Избранница была красивой, умной, прекрасно образованной и воспитанной, свободно говорила на нескольких иностранных языках, в том числе на французском, немецком и итальянском, страстно увлекалась литературой, хорошо знала достопримечательности Италии, но главной любовью ее жизни была музыка. Ученица пианиста-виртуоза Николая Рубинштейна, Мария Мейн божественно играла на фортепиано. Столько достоинств! Разве можно было найти невесту лучше для человека, желающего заново начать свою жизнь?
С первой же встречи с будущей женой Иван Владимирович обрел уверенность, что сделал правильный выбор. Единственное, что омрачало идиллию, – сердце Марии Александровны было отдано другому. И этот «другой» был женат. Она страдала от невозможности законно и полностью принадлежать тому, кого любила. Отец Марии был немцем по происхождению, мать – полькой, и от родителей девушка унаследовала слишком цельный характер, чтобы таить свои чувства от людей в то время, как ей хотелось бы гордиться ими. Бесспорно, пора было положить конец этой тайной и бесчестящей ее истории. А профессор Иван Цветаев выглядел таким несчастным с этой вечной памятью об ушедшей жене, с этими двумя малышами на руках, что из сочувствия к нему, да и руководствуясь доводами рассудка, Мария решилась принять его предложение.

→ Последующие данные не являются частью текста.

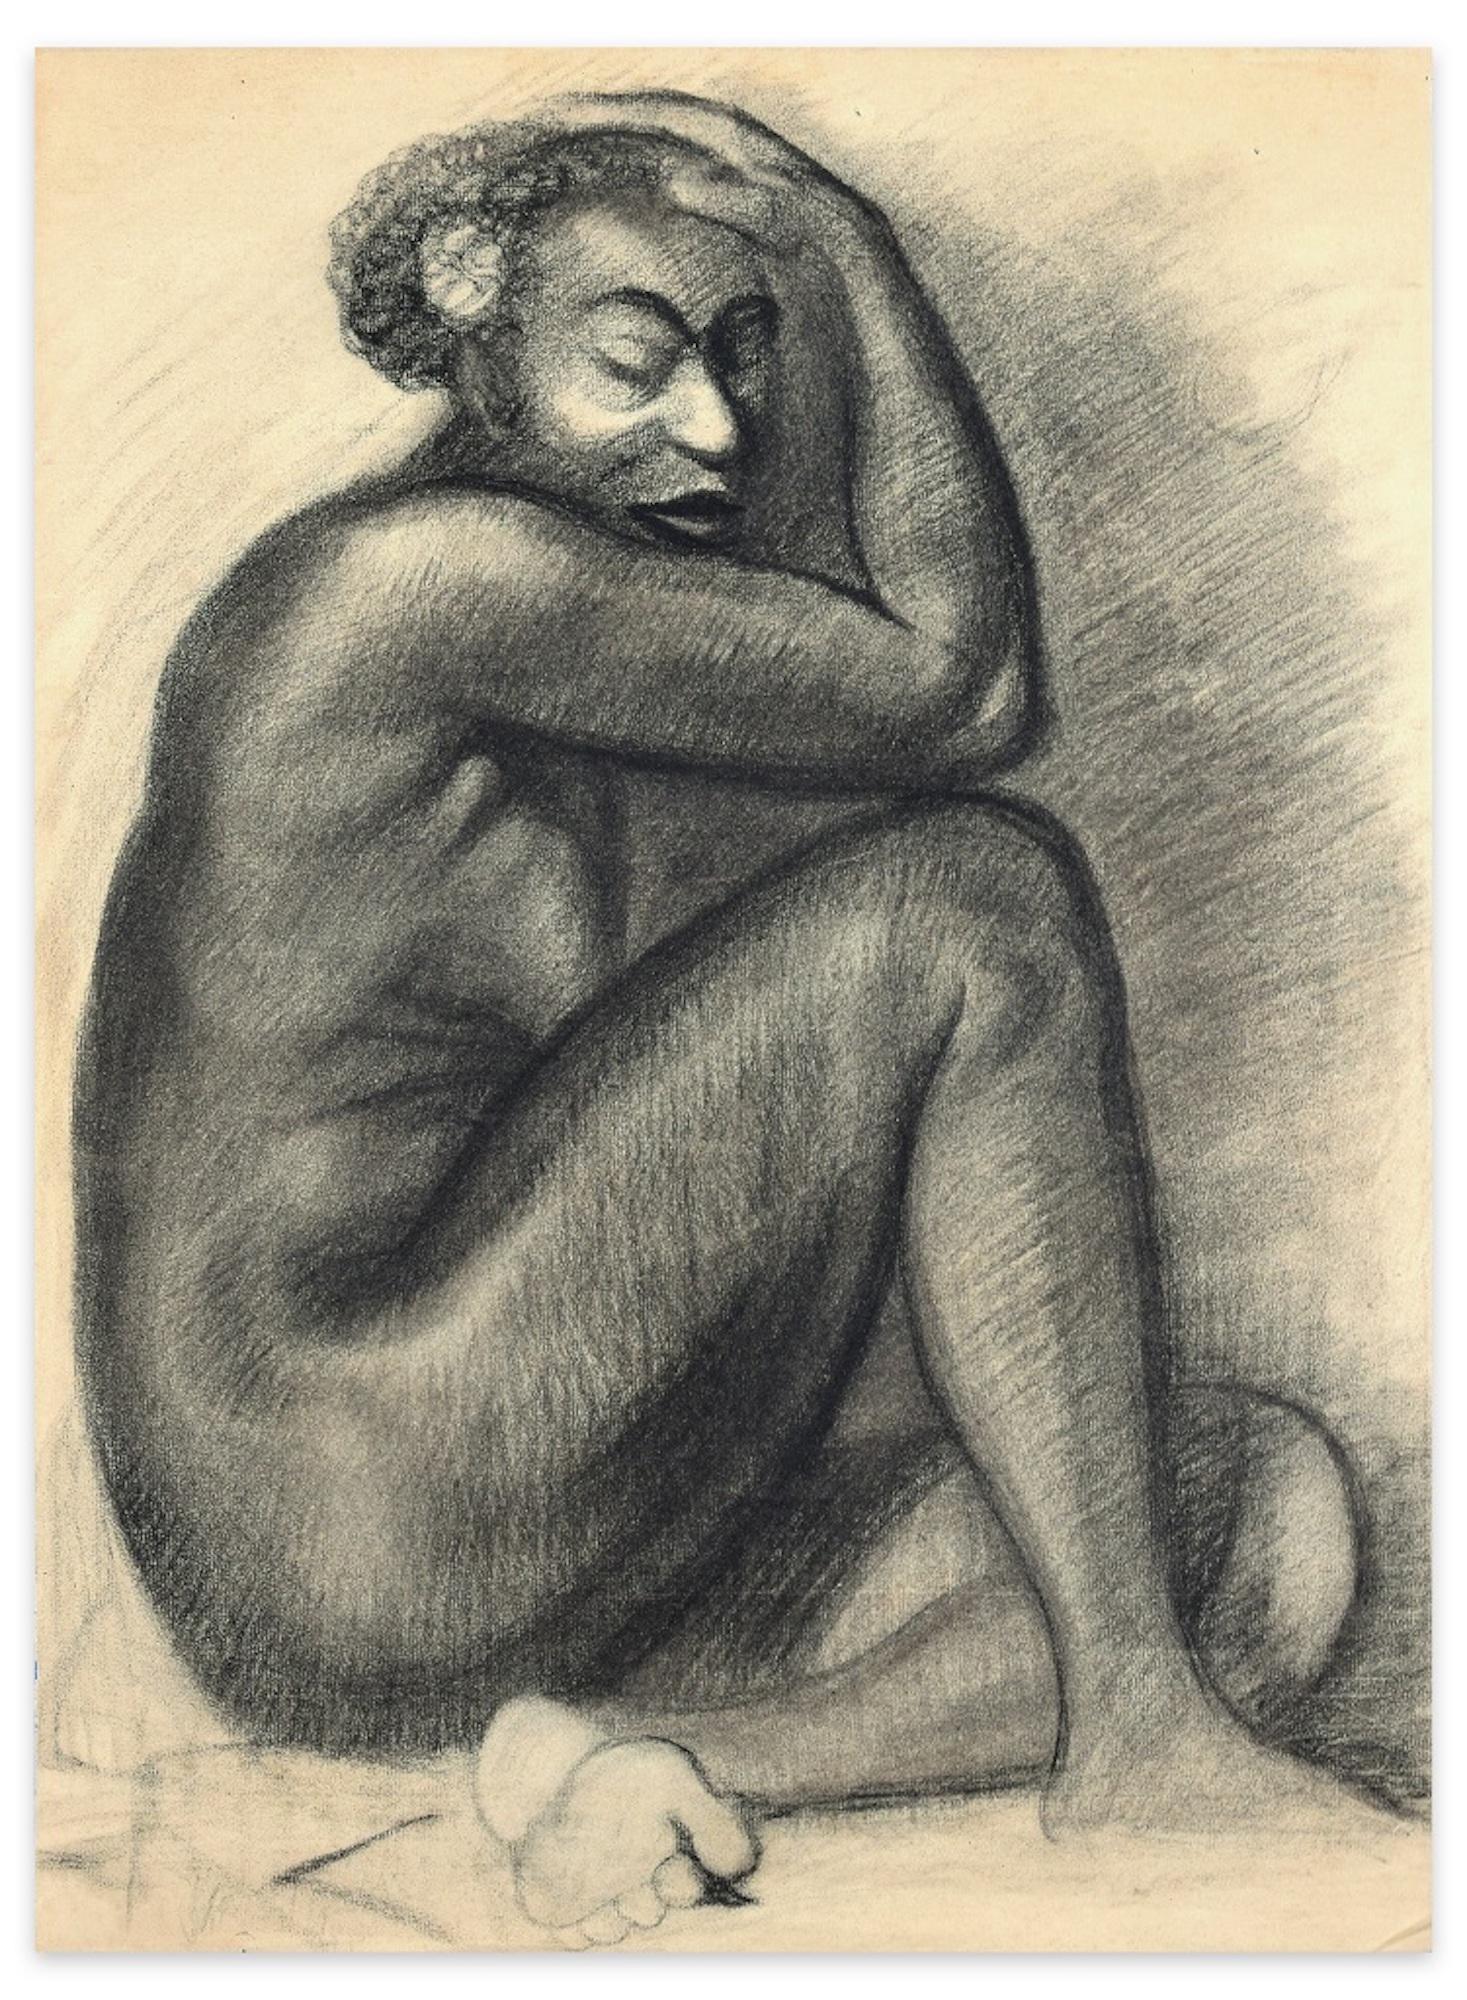 Unknown Nude - Studies for Portraits - Charcoal Drawings on Ivory Paper - 20th Century
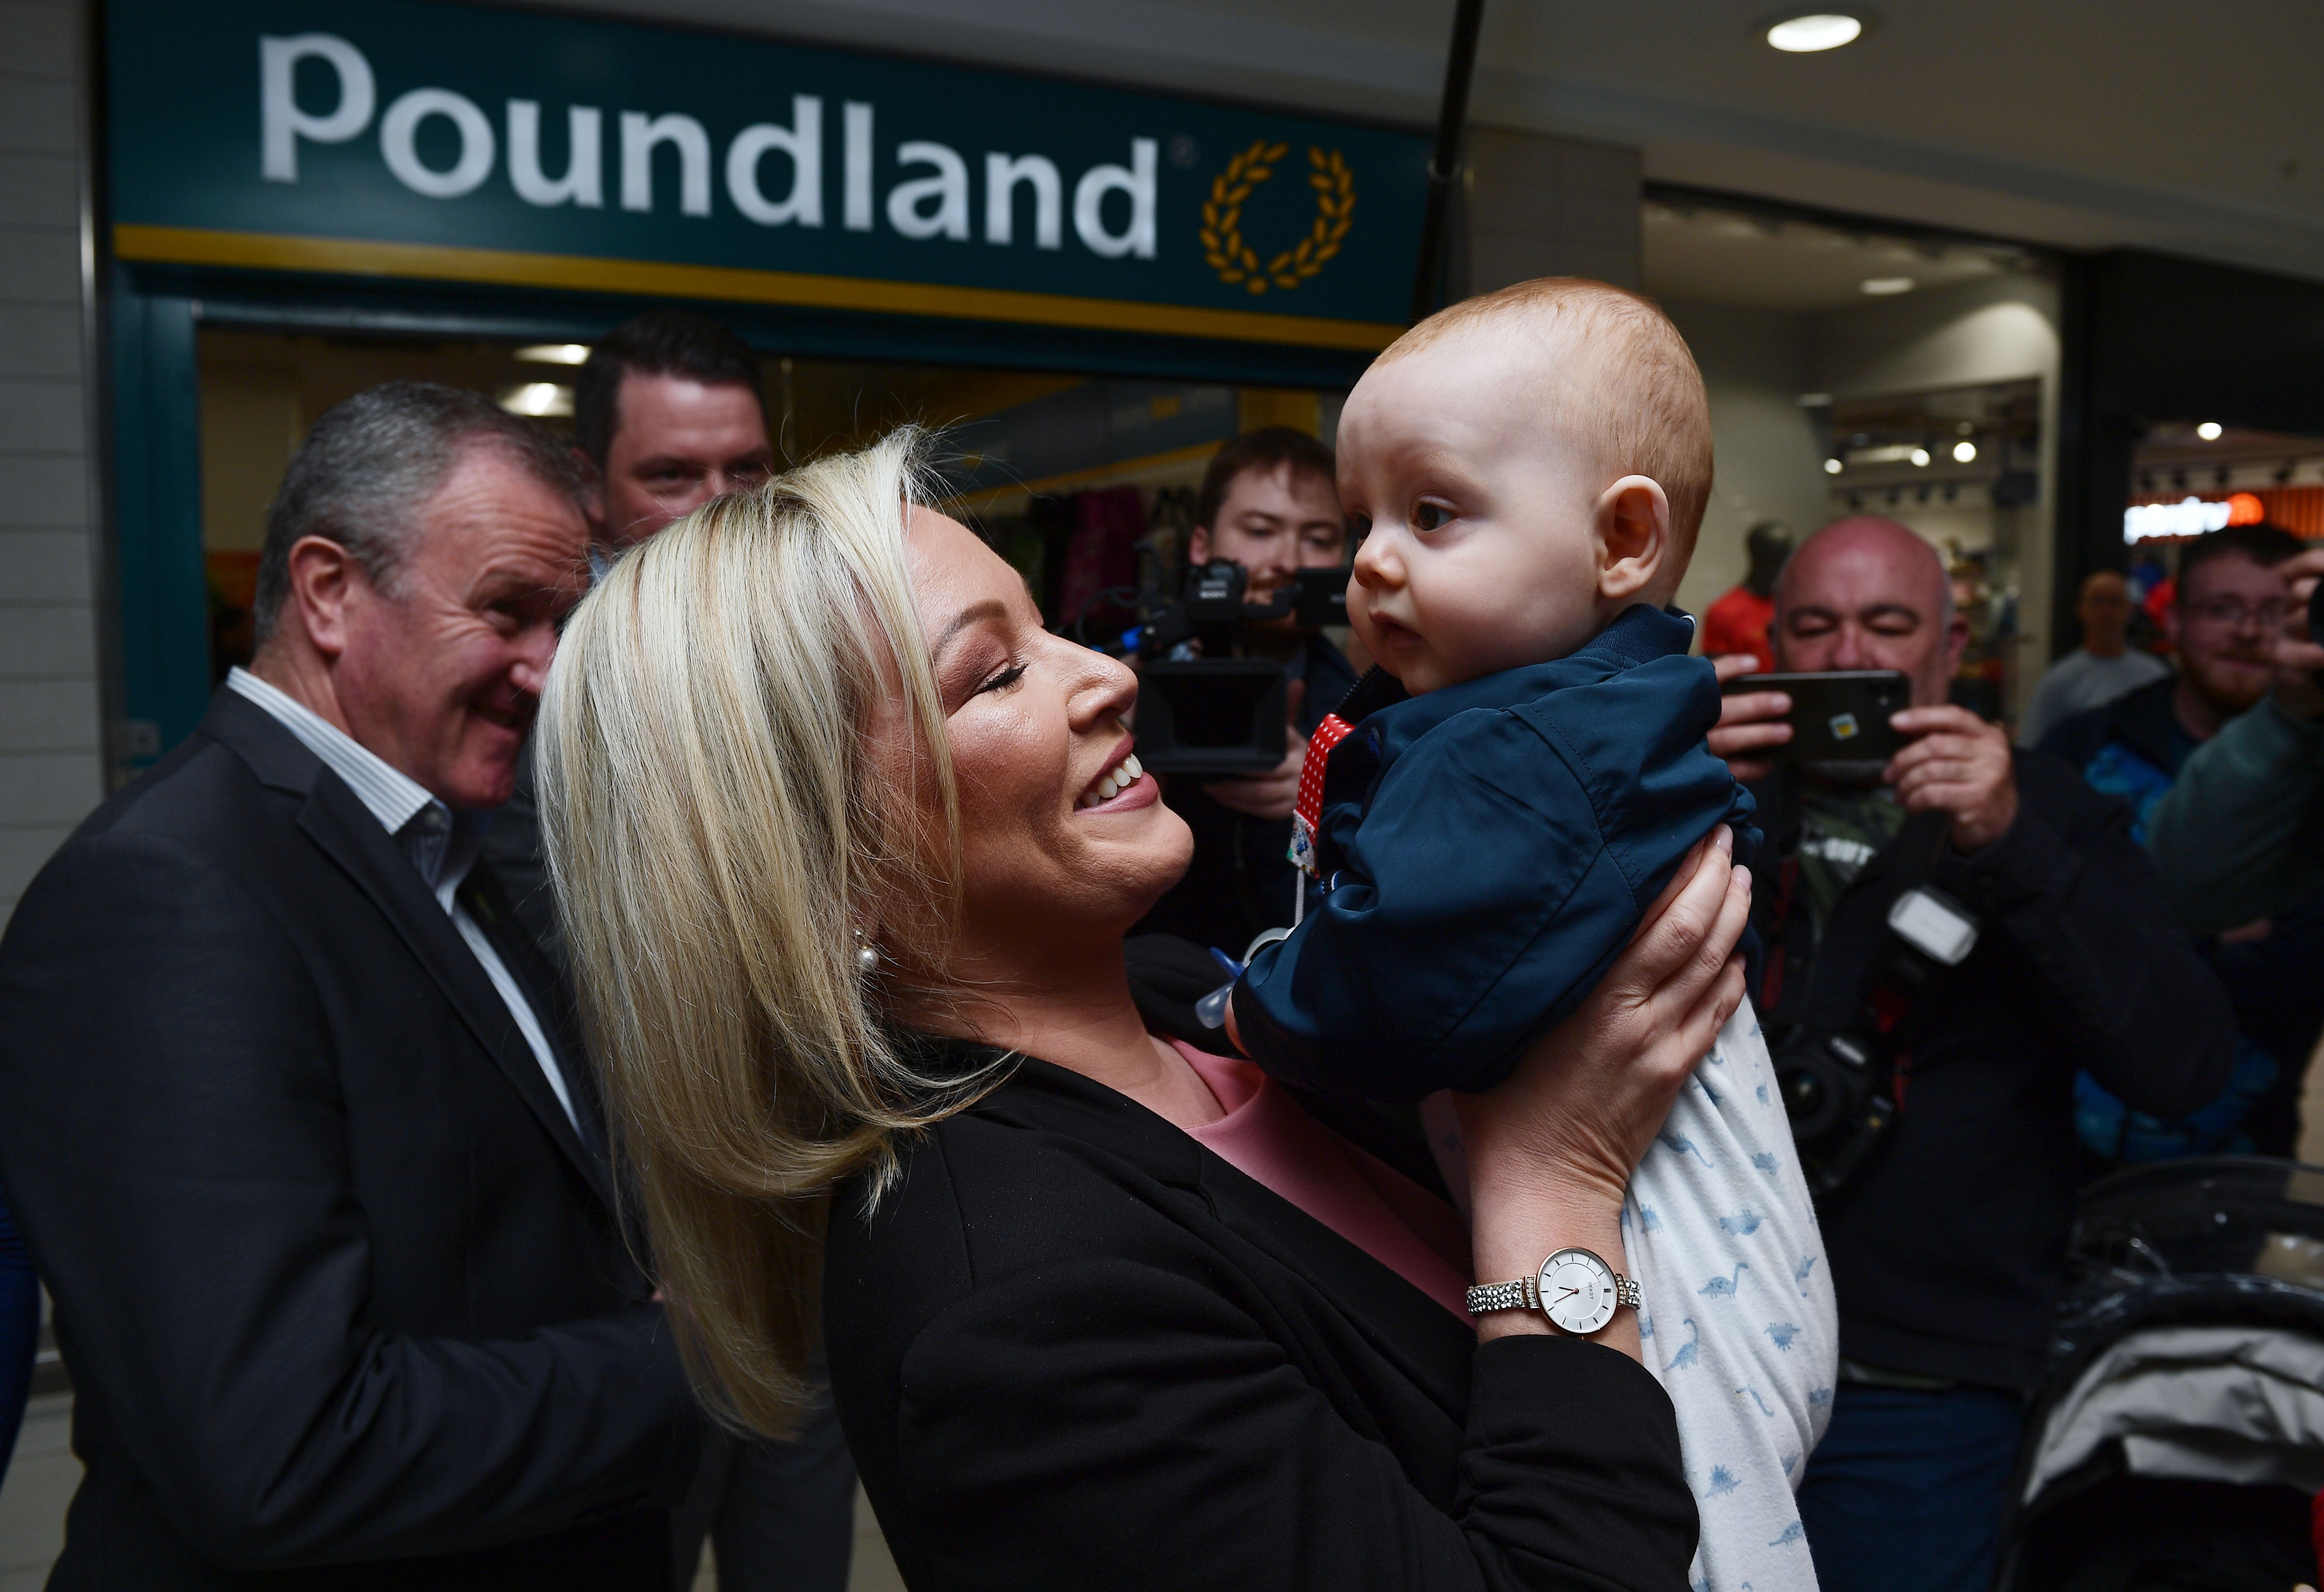 Sinn Fein’s Michelle O’Neill meets voters at Kennedy shopping centre in Belfast on Tuesday

И оказалось, что их союз куда менее тягостен, чем она себе представляла. 26 сентября 1892 года, едва ли через год после венчания, Мария Александровна подарила мужу дочь – Марину. Еще через два года настала очередь второй дочери – Анастасии. Совсем еще юная женщина удивительно разумно и справедливо распределяла заботу между своей плотью и кровью – двумя крошечными девочками – и двумя детьми от первого брака своего мужа, которые достались ей в приданое и которые смотрели на нее со смешанным выражением любопытства и ревности. И к тому же не было у профессора Цветаева в деле создания музея более верной, преданной и деятельной сотрудницы, чем вторая его жена.
Повзрослевшая Марина писала в очерке «Отец и его музей»: «Она вела всю его обширную иностранную переписку и часто заочным красноречием своим, какой-то особой грацией шутки или лести (с французом), строкой из поэта (с англичанином), каким-нибудь вопросом о детях и саде (с немцем) – той человеческой нотой в деловом письме, личной – в официальном, иногда же просто удачным словесным оборотом, сразу добивалась того, чего бы только с трудом и совсем иначе добился мой отец. Главной же тайной ее успеха были, конечно, не словесные обороты, которые есть только слуги, а тот сердечный дар, без которого словесный дар – ничто. И, говоря о ее помощи отцу, я, прежде всего, говорю о неослабности ее духовного участия, чуде женской причастности, вхождении во все и выхождении из всего – победителем. Помогать музею было, прежде всего, духовно помогать отцу: верить в него, а когда нужно, и за него… Это я, детский свидетель тех лет, должна сказать, ибо за меня не скажет (ибо так глубоко не знает) – никто».